Hiram paused a moment, overcome by the flood of his melancholy recollections.
"I hope, sir," he continued, gravely, "that you was never a green hand on a ship. A green hand don't know how to do nothin', an' one o' the mates tells him to do it, an' then yells, 'I'll l'arn ye, ye slob!' An' he allus teaches him with his fist or his foot or a belayin'-pin. I bin punched, kicked, an' knocked down all the way from off Long Beach to the North Foreland. I was taught to furl a royal off Davis South Shoal with a kick in the ribs.

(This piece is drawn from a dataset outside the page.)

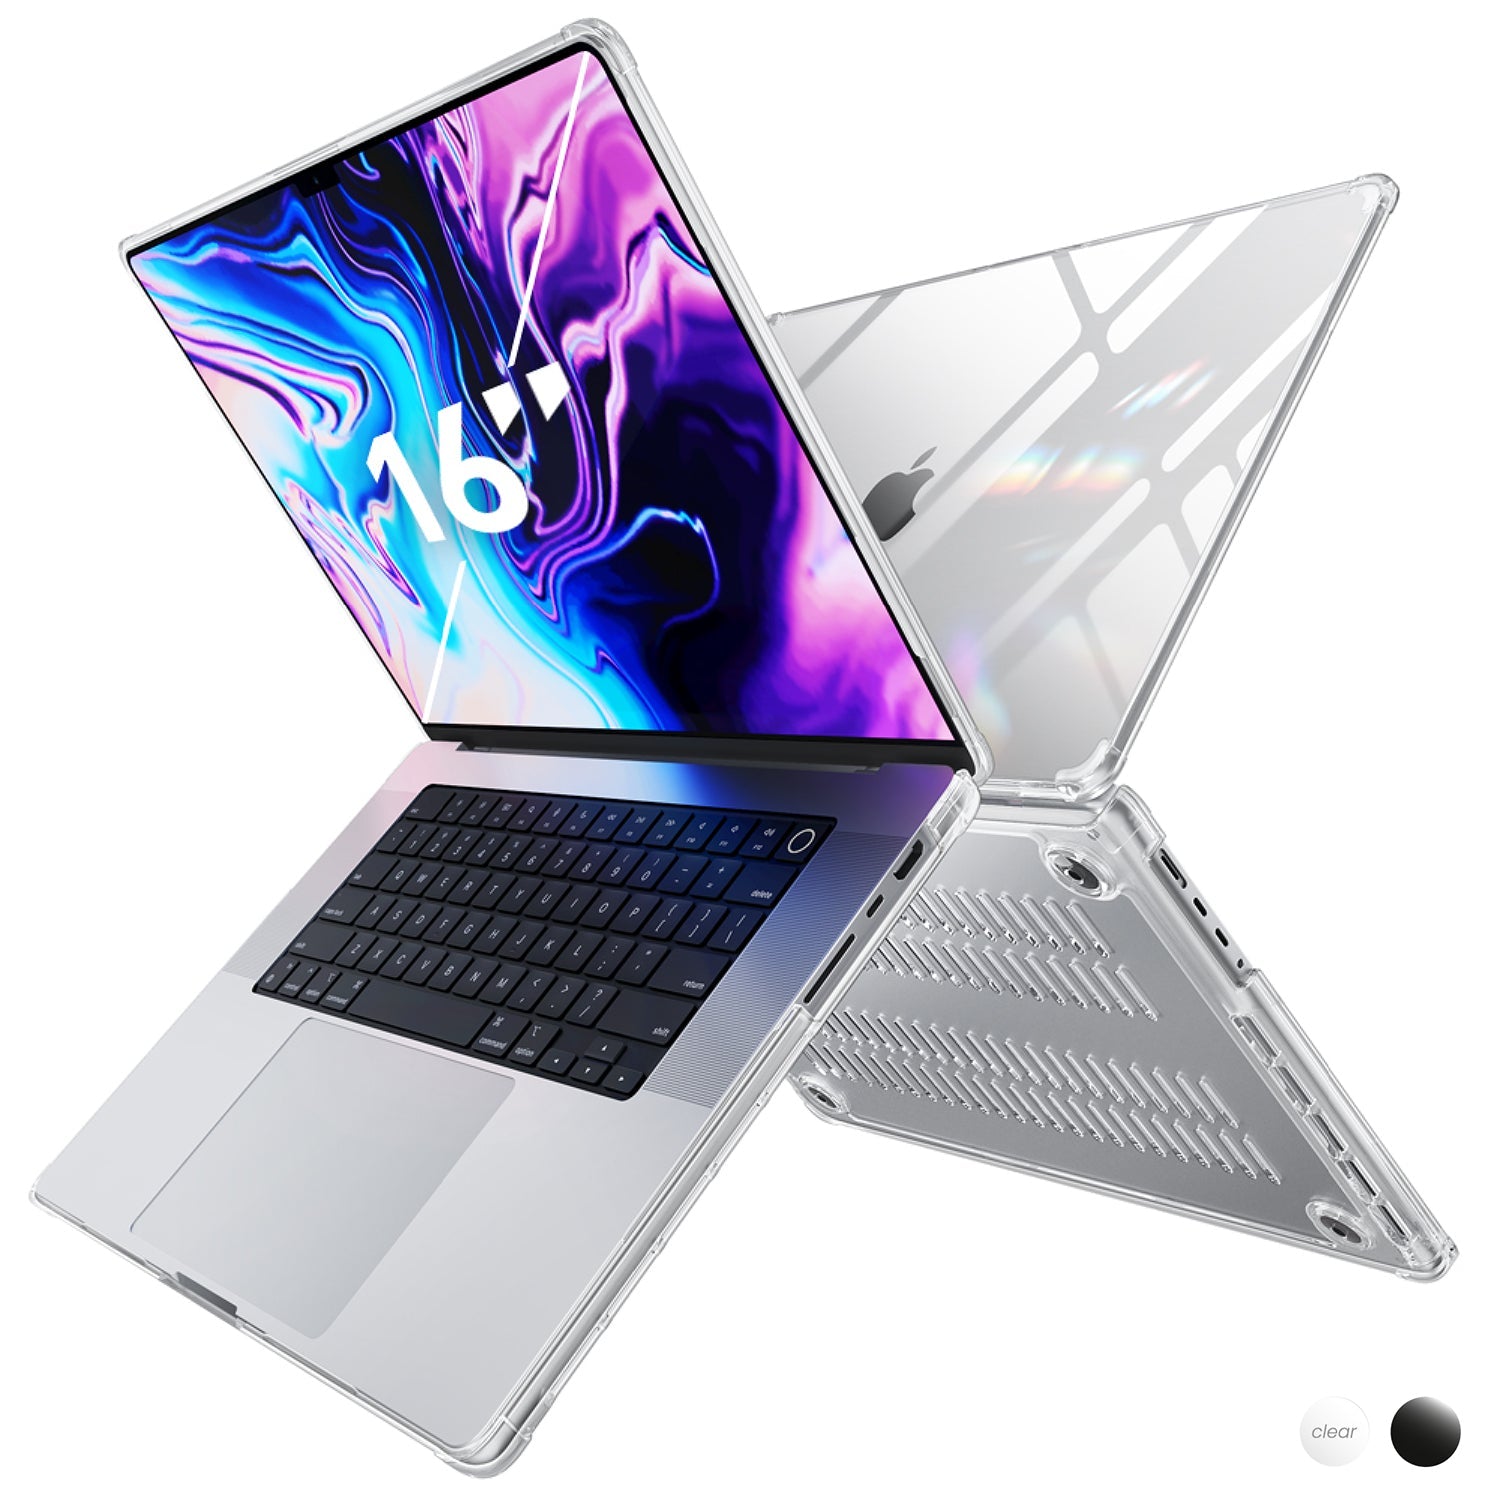 Supcase Unicorn Beetle Clear Series Case Slim Clear Protective Cover Designed for MacBook Pro 16 Inch (2021 Release) A2485 M1 Pro / M1 Max Default Supcase 
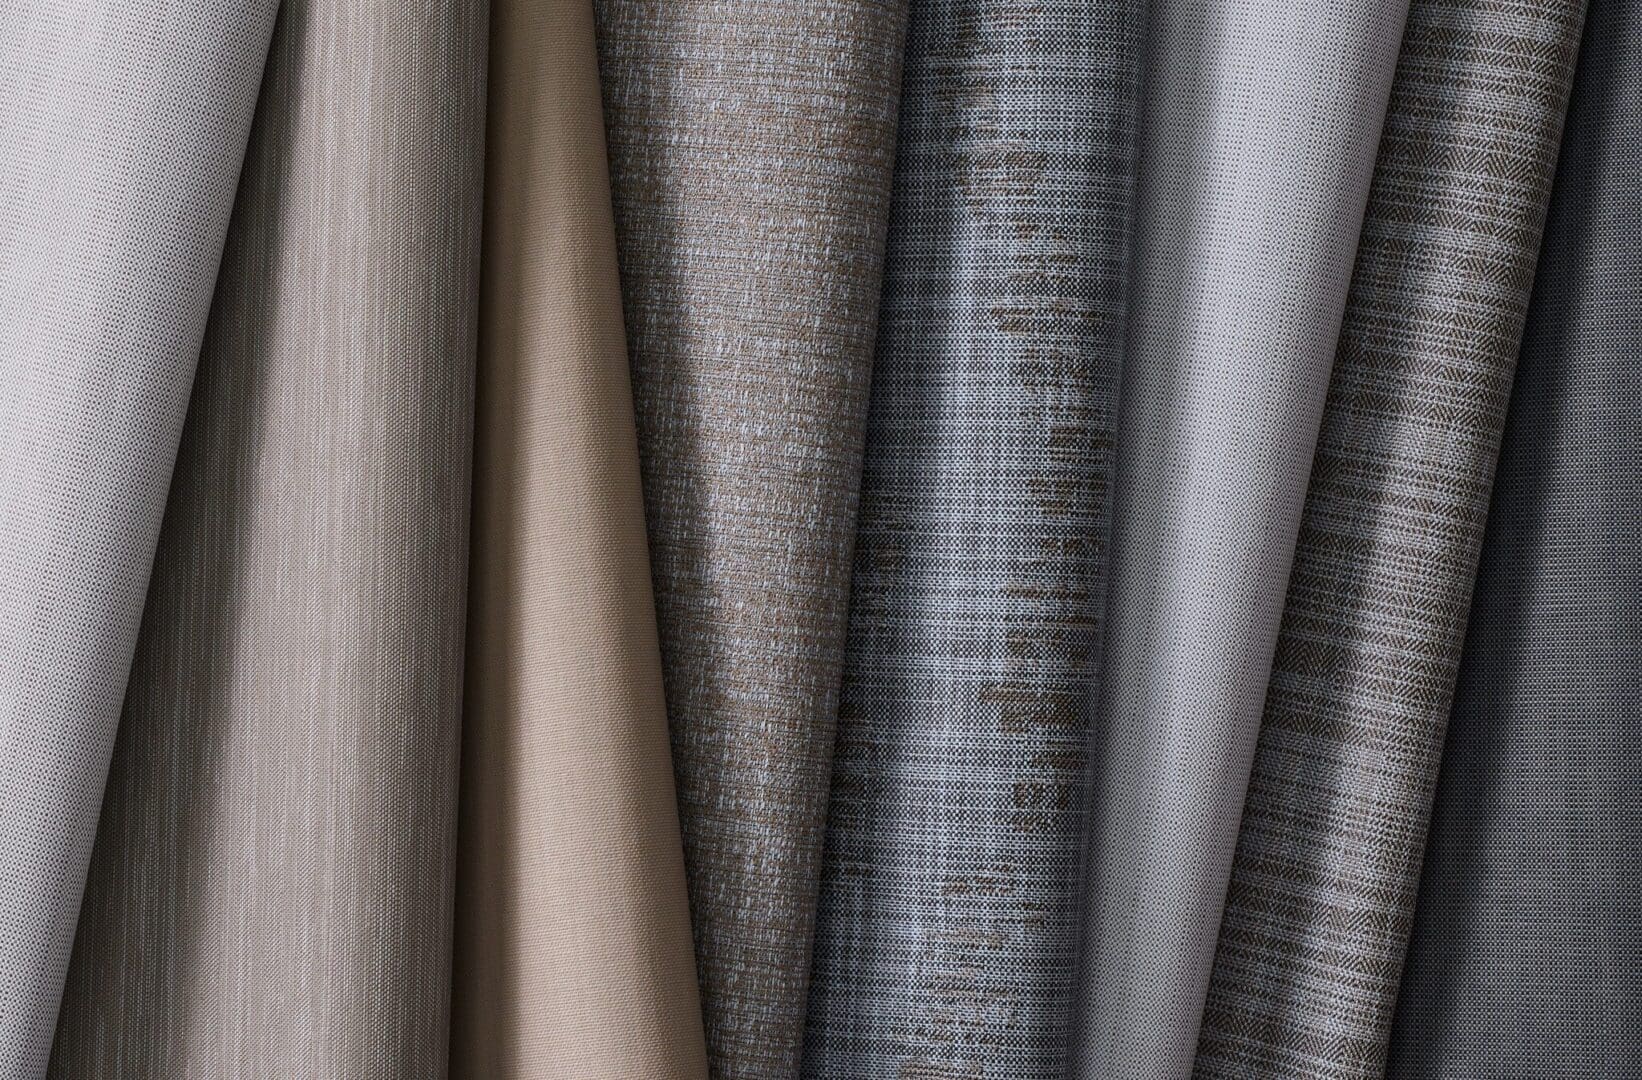 A close up of several different types of fabric

I had a long splice, a short splice, an eye splice, an' a black eye punched into me off George's Bank. I got the science o' heavin' to in a gale o' wind kicked clean through me off Cape Race. I learned how to heave the log off Sable Island by bein' hove down the forehatch head fust,'cause I didn't know how to do 't. I got a fust-class chart o' the North Atlantic Ocean hammered on to my body in black an' blue, an' ef ever I git lost out there again, it'll be because the Jersey coast has lost its anchor an' gone adrift. An' now, sir, here's Dave an' me; we don't want to go South on to a schooner no more. All we wants to do is to git back to Joppa, let our fathers lick us, an' then settle down to cod-fishin' an' peace an' quiet for the rest of our lives."